Big Book story today. The jist of the story was that the protagonist never felt comfortable in his own skin, never having a feeling of belonging until he entered Alcoholics Anonymous. This is something that is very common among alcoholics, that feeling of apartness, of not understanding how anything worked. Everyone I ran into seemed so comfortable in their own skins and I felt like my skeleton was trying to burst violently out of my body and run away.
I process alcohol differently than most people.
God speaks to me through you guys. I have never had God speak to me directly. I don't know what God's voice sounds like. I did, however, hear voices from time to time when I got the right cocktail of drugs and alcohol working real good. And I know what SuperK's voice sounds like. She's sort of a minor god in our household. I don't believe she's the only God but she's godlike.
Malevolence: Having or displaying ill will; wishing harm on others; having an evil or harmful influence.

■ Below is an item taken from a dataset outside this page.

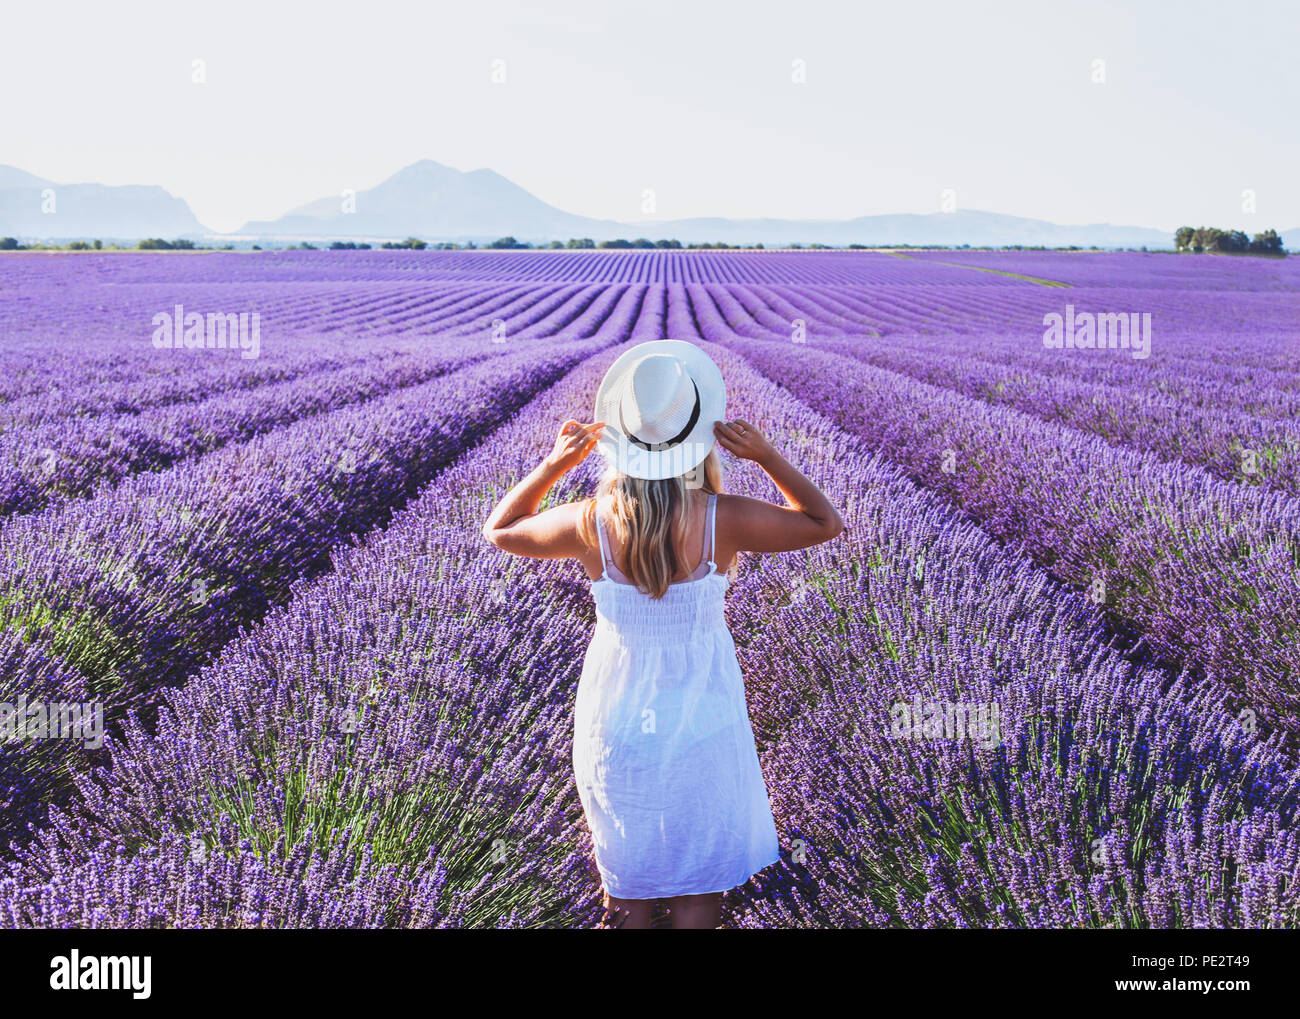 dream and inspiration, summer happy woman in romantic white dress enjoying nature in lavender flowers fields Stock Photo
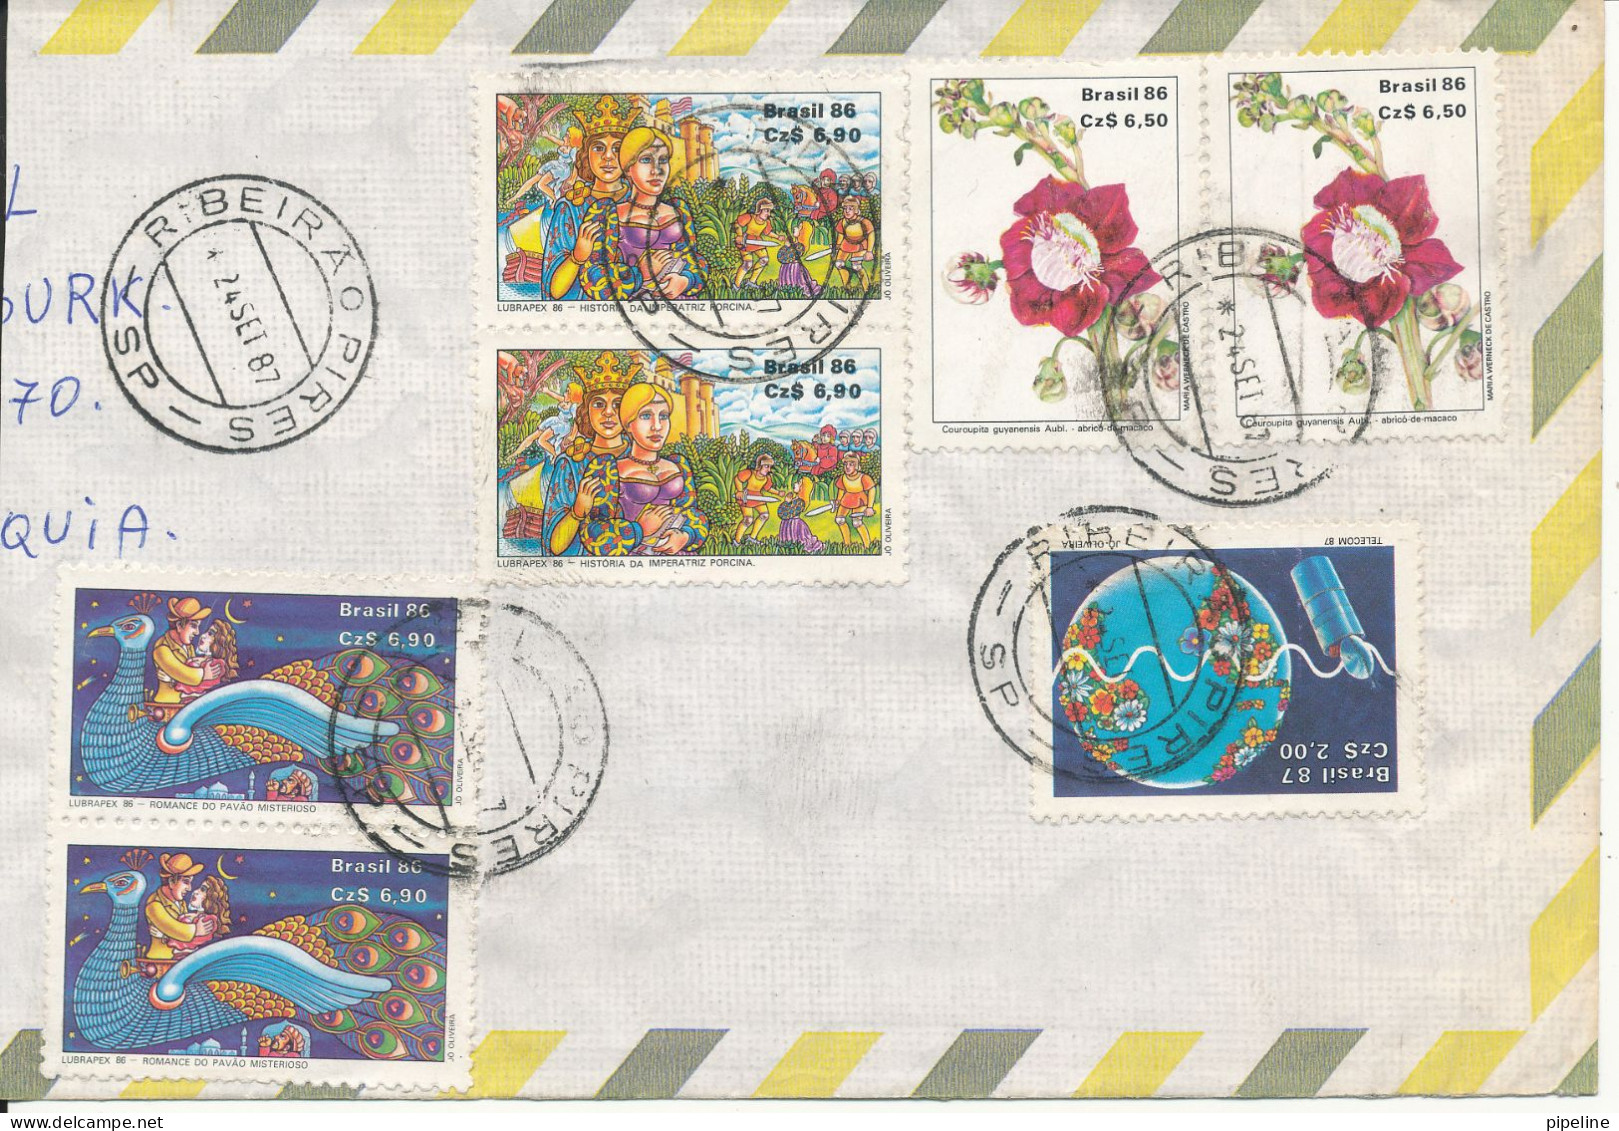 Brazil Air Mail Cover Sent To Czechoslovakia 24-9-1987 With A Lot Of Stamps (the Cover Is Cut In The Left Side) - Poste Aérienne

A woman shared this morning about joining the Benevolence Committee at her church in an attempt to be of service. I wonder if there's a Malevolence Committee that meets down in the boiler room? Real secretive group. Hard to join. Harder to leave. Everyone's dressed in black and everyone's pissed. I'd be interested in that group.
And Malevolence would be an excellent name for a hard rock band.
The leader shared about being in the throes of a general life funk; one of those times where his serenity is thin and his ire is ascendant. The advice he keeps getting is: Take it easy. We're human. We're not always going to feel great. Deal with it. It'll pass. He's right around five or six years sober and my experience in A.A. is that lots of people get irritable at that point. The easy gains have been made; the heavy god-sense is still being developed; and the day to day recovery work seems repetitive and onerous.